Su padre le dijo esa frase por primera vez cuando trajo un destapador en forma de angelito con el resorte que se erguía entre las piernas.

—¿Cómo se te ocurre? Niño asqueroso —y luego la frase del infierno.

¿Sería su madre como las mujeres de la habitación dieciséis? No puede estar seguro, pero por los dichos del padre, ella era más de la calle que de la casa. —Como los gatos —le dijo.

Golpean la puerta. El corazón se le acelera. No espera a nadie. No recibe visitas.

 —¡Aníbal! —Se escucha preguntar del otro lado. Reconoce la voz de la dueña del hotel.

Se da cuenta de que se encuentra en un estado deplorable. No quiere que lo vea así, puede pensar mal de él.

—¿Qué quiere doña? Estoy ocupado —la mujer resopla.

—Dejaron una caja para usted.

Se apura, pero no tanto. No quiere abrirle la puerta a esa vieja metida. ¿Será lo que está esperando desde hace un par de meses? Esta vez se retrasó la entrega. Le indica que deje la caja sobre el piso, que luego la recoge. Quiere salir ya mismo, espera a que la mujer se vaya.

Casi lo descubren. De los nervios seguro que se ensució los calzoncillos. Marica. Tan infeliz Aníbal. Algo tan simple como recibir un pedido, casi sale mal. Tirado en la cama a esta hora. Vago. Inútil. Eso pasa por no dormir bien, distraído con esas lesbianas sucias, indecentes, putas. Las mataría si pudiera y así se solucionaría todo. Todo es un asco. Ni para comer hay.

Un gato se asoma y araña la pequeña ventana con su pata derecha. Es el que viene siempre. Menos mal que vuelve y no se olvida de él. No tiene nada para darle de comer. Se viste con lo que encuentra a mano. Tiene que buscar comida para el gato, para que se quede, para que vuelva. La música de bolero se escucha más suave. Se pierde entre las voces de las mujeres que discuten por algo. Una de ellas sale abruptamente de la habitación y lo empuja mientras cierra la puerta de su cuarto. No se perturba por lo inesperado del momento.

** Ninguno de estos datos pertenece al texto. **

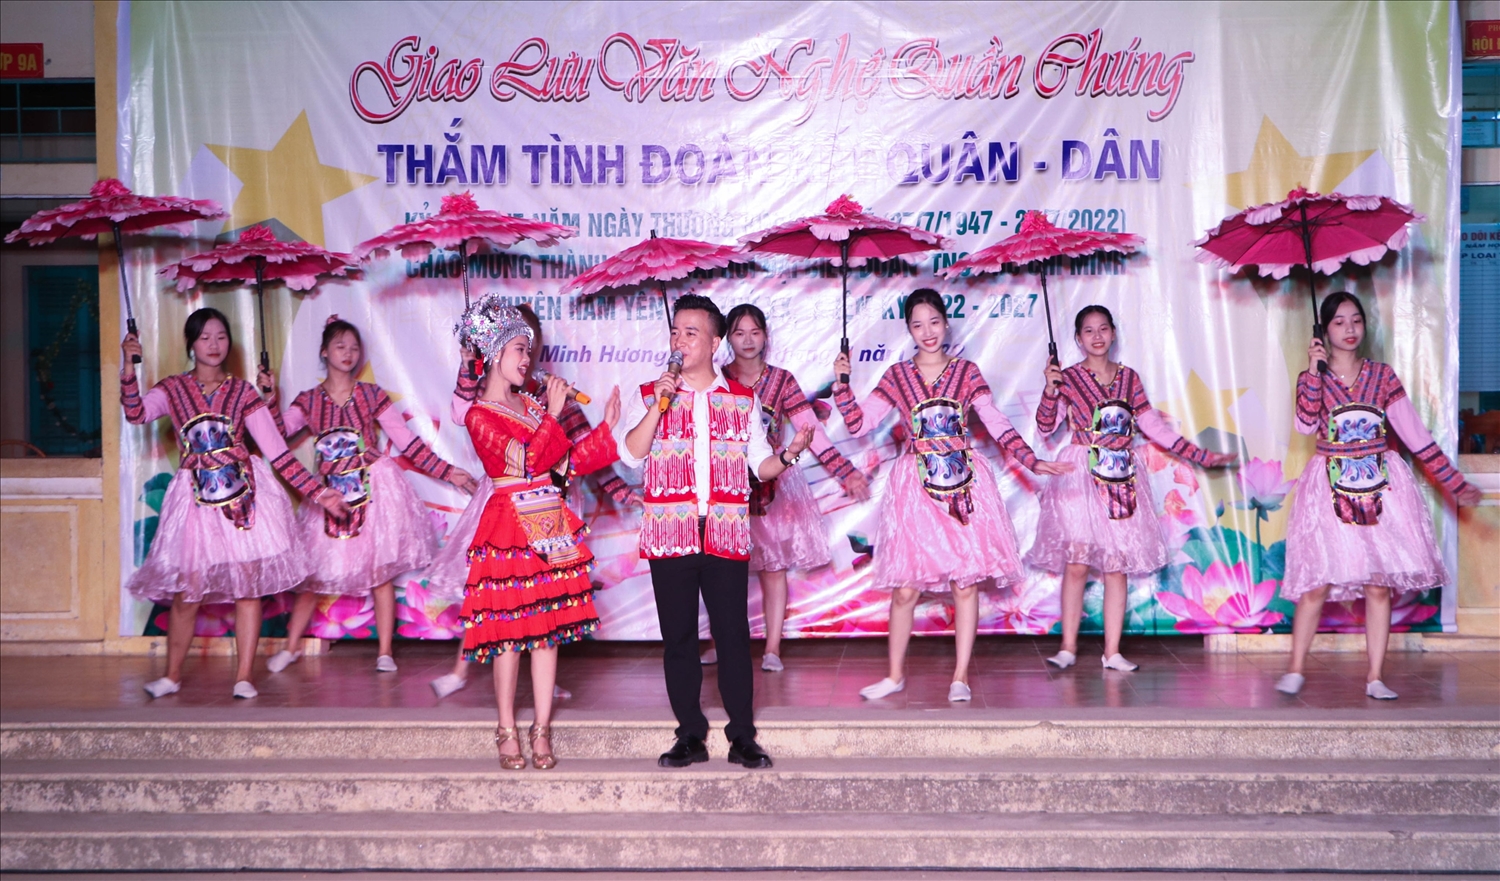 Diễn viên Trung tâm văn hóa, Truyền thông Thể thao huyện Hàm Yên (Tuyên Quang) biểu diễn ca khúc “Xuống chợ" của NSUT Vương Vình

Gira, acerca su cara a la de la mujer:

—Las voy a matar.

Ella lo mira fijamente, como quien conoce el paño. Escupe en el suelo y se va.

Aníbal acelera el paso. Compra un poco de leche y alguna lata de lo que encuentre para su gato. Precioso. Fiel. Entra lo más rápido que puede a la habitación. Hasta se puede decir que esboza una sonrisa sutil. Está agitado. Mira hacia la ventana. El gato no está. Si no se hubiese encontrado con esa machona disfrazada de hombre.

Guarda la caja debajo de la cama. No la abre. Se queda todo el resto del día esperando al gato. Sentado en la única silla de esa habitación, más oscura y asfixiante. La realidad se nubla con los pensamientos. No distingue si sigue en la cama soñando o en el pasillo. Se levanta por inercia, toma la llave de la caja de herramientas, esa que usa para abrir cerraduras y una botella de algo en la otra mano, que agarra antes de salir. Abre la puerta de la habitación 16, rocía con el líquido de la botella a las cuatro mujeres mientras duermen, tira un papel encendido y se va.

La policía lo encontró muerto sobre su cama. Lleva puesto un vestido de color rojo, bordado con lentejuelas brillantes, similar a otros que cuelgan en el placar, las medias de lycra le aprietan las piernas, un chal de plumas sobre sus hombros. Los labios, aún tibios, perfectamente pintados color carmín.

Mientras el humo invade los pasillos, entre gritos, corridas, y los cuerpos de las mujeres carbonizados en camillas, el gato se asoma a la ventana y, como siempre, araña el vidrio con su patita derecha.